Consider two points that are a constant distance apart, but moving relative to zero. Their closeness doesn't change, but the relative error in respect to each other (and zero) does change. There is an implicit assumption that the number system used and the origin the numbers are measured from are chosen and relate to each other in some expected way. When ever you supply all the numbers, like in a test, it's not a problem, you just give good numbers.
Note that you would never compare to an expected value of zero.
You *cannot* compare to an expected value of zero, but you certainly can be in a situation where you would like to: math.sin(math.pi) should return 0.0, but doesn't, it returns 1.2246063538223773e-16 instead. What is the relative error of the sin function at x = math.pi?
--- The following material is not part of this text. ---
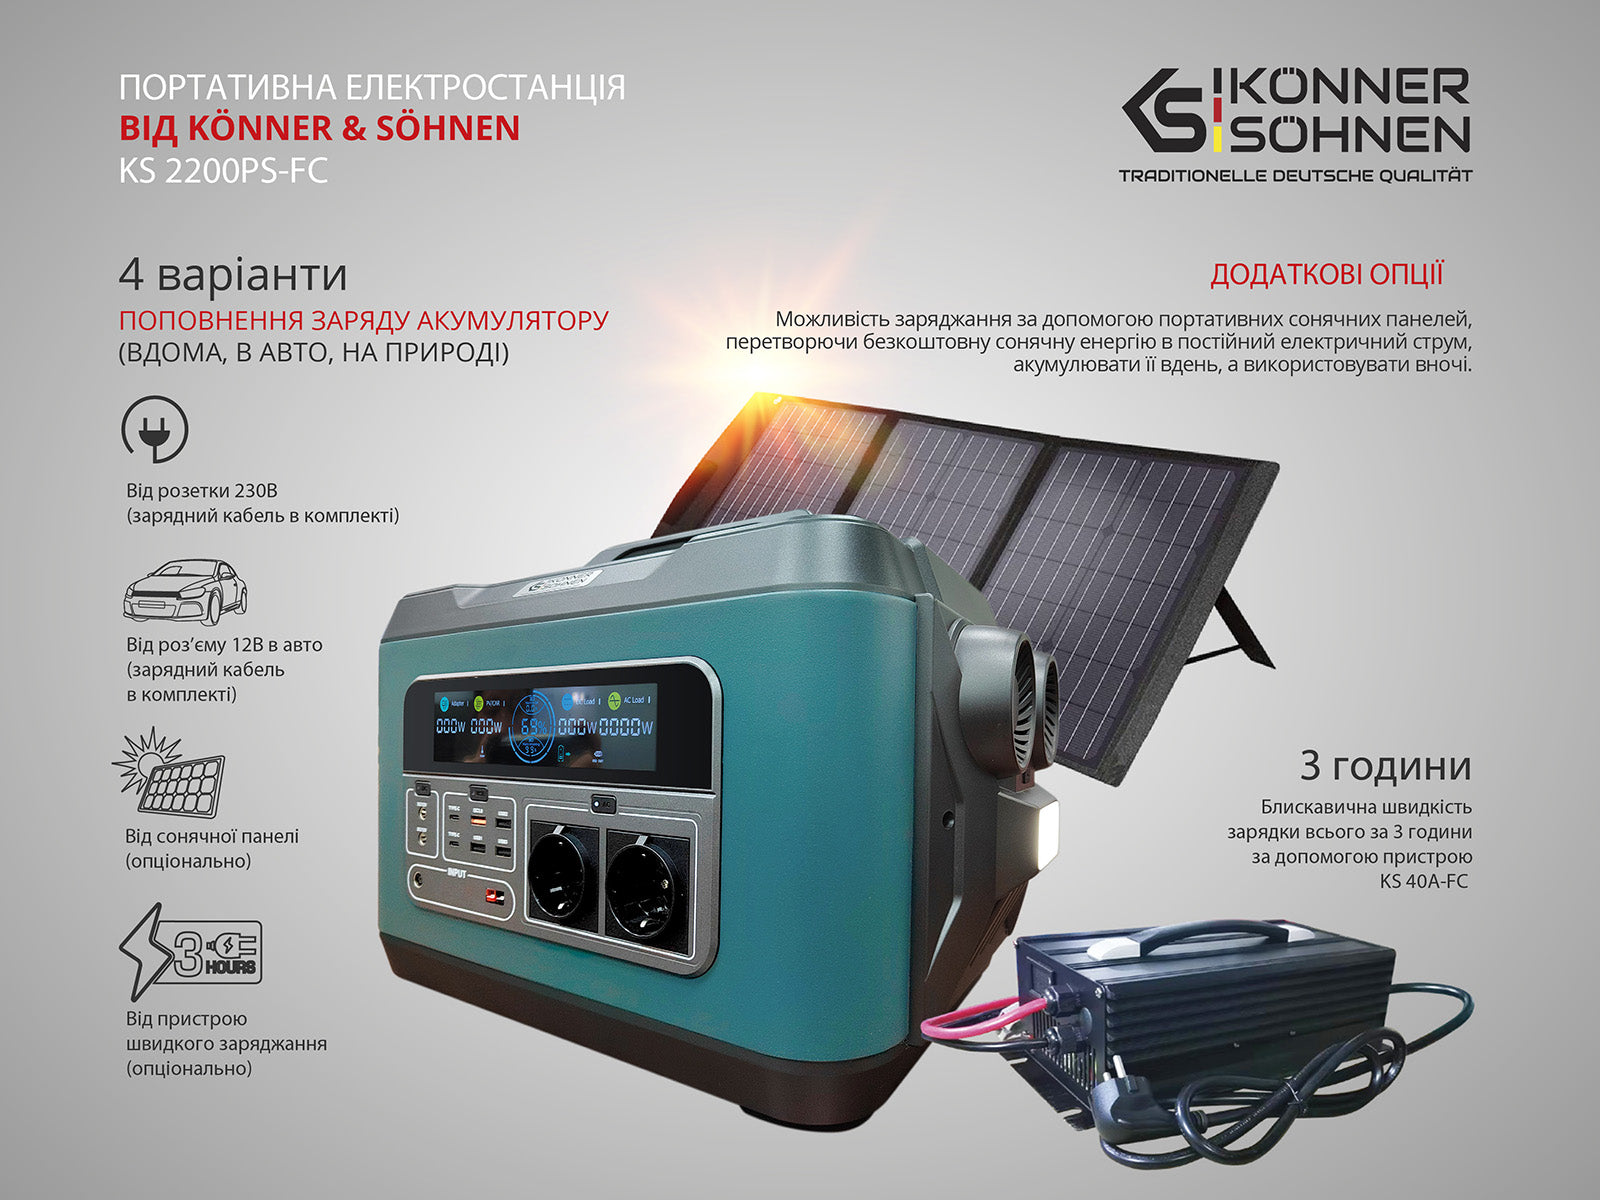 Портативна (переносна) електростанція KS 2200PS-FC

relerr(a - b, expected_feet) < tolerance # relative feet from b relerr(a - 0, expected_feet) < tolerance # relative feet from zero relerr(a - b, ulp) # percentage of ulp's
I don't understand what you think these three examples are showing.
A percentage of an expected distance. Error of two points compared to a specific distance. >>> relerr(5 - -5, 10) 0.0 I think unless you use decimal, the ulp example will either be zero or some large multiple of ulp.
Take a look at the statistics test suite.
I definitely will. :-)
I'll be the first to admit that the error tolerances are plucked from thin air, based on what I think are "close enough", but they show how such a function might work:
* you provide two values, and at least one of an absolute error tolerance and a relative error; * if the error is less than the error(s) you provided, the test passes, otherwise it fails; * NANs and INFs are handled apprpriately.
is_close(218.345, 220, 1, .05) # OHMs is_close(a, b, ULP, 2) # ULPs is_close(a, b, AU, .001) # astronomical units
I don't see anyway to generalise those with just a function.
Generalise in what way?
I meant a function that would work in many places without giving some sort size and tolerance hints. Given two floating point numbers and noting else, I don't think you can tell if they represent something that is close without assuming some sort of context. At best, you need to assume the distance from zero and the numbers used are chosen to give a meaningful return value. While that can sometimes work, I don't think you can depend on it.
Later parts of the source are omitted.